Studies have shown that people with diabetes face a higher chance of complications if they contract COVID-19. The American Diabetes Association has some answers for those with concerns about managing their health at this time.
Are people with diabetes more likely to get COVID-19?
There is not enough data to show whether or not people with diabetes are more likely to get COVID-19 than the general population. The problem people with diabetes face is primarily a problem of worse outcomes, not greater chance of contracting the virus.
Regarding people with diabetes having much higher rates of serious complications and death than people without diabetes—and generally speaking, it appears that the more health conditions someone has (for example, diabetes and heart disease), the higher their chance of getting serious complications from COVID-19.
Do people with diabetes have a higher chance of experiencing serious complications from COVID-19?
People with diabetes do face a higher chance of experiencing serious complications from COVID-19. In general, people with diabetes are more likely to experience severe symptoms and complications when infected with a virus.

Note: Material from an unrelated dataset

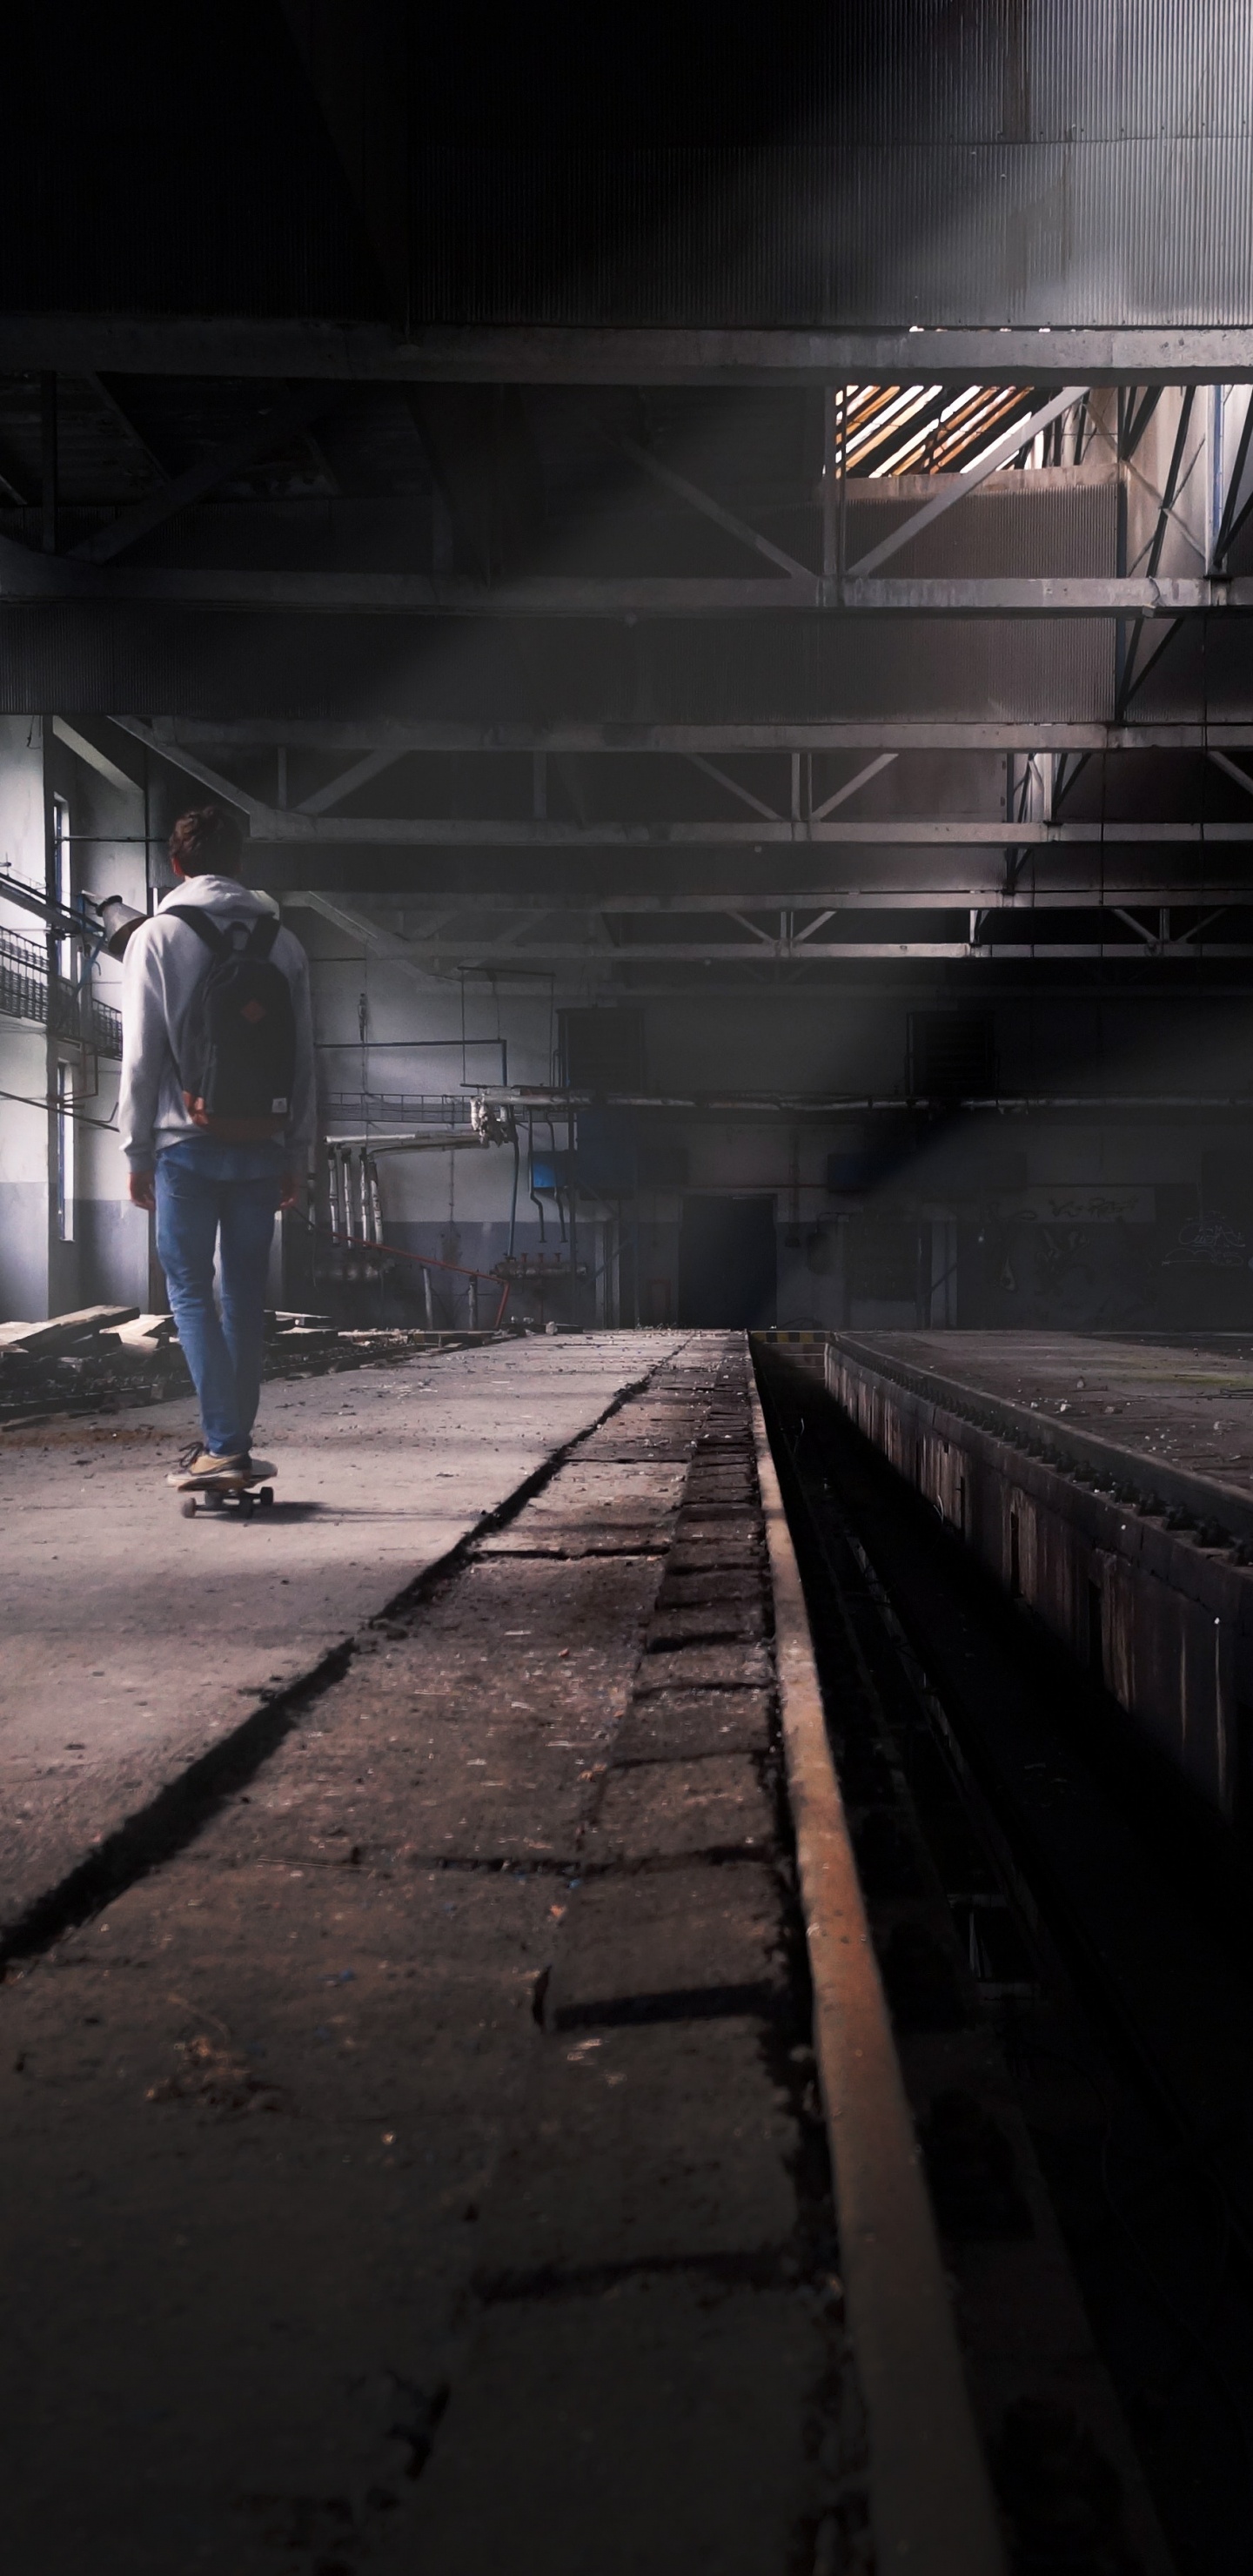 Hombre en Blue Jeans Caminando en la Estación de Tren. Wallpaper in 1440x2960 Resolution

Your risk of getting very sick from COVID-19 is likely to be lower if your diabetes is well-managed. When people with diabetes do not manage their diabetes well and experience fluctuating blood sugars, they are generally at risk for a number of diabetes-related complications.
Having heart disease or other complications in addition to diabetes could worsen the chance of getting seriously ill from COVID-19, like other viral infections, because your body’s ability to fight off an infection is compromised.
Viral infections can also increase inflammation, or internal swelling, in people with diabetes. This is also caused by above-target blood sugars, and both could contribute to more severe complications.
What are the symptoms and warning signs I should be watching out for? What do I do if I think I’m developing them?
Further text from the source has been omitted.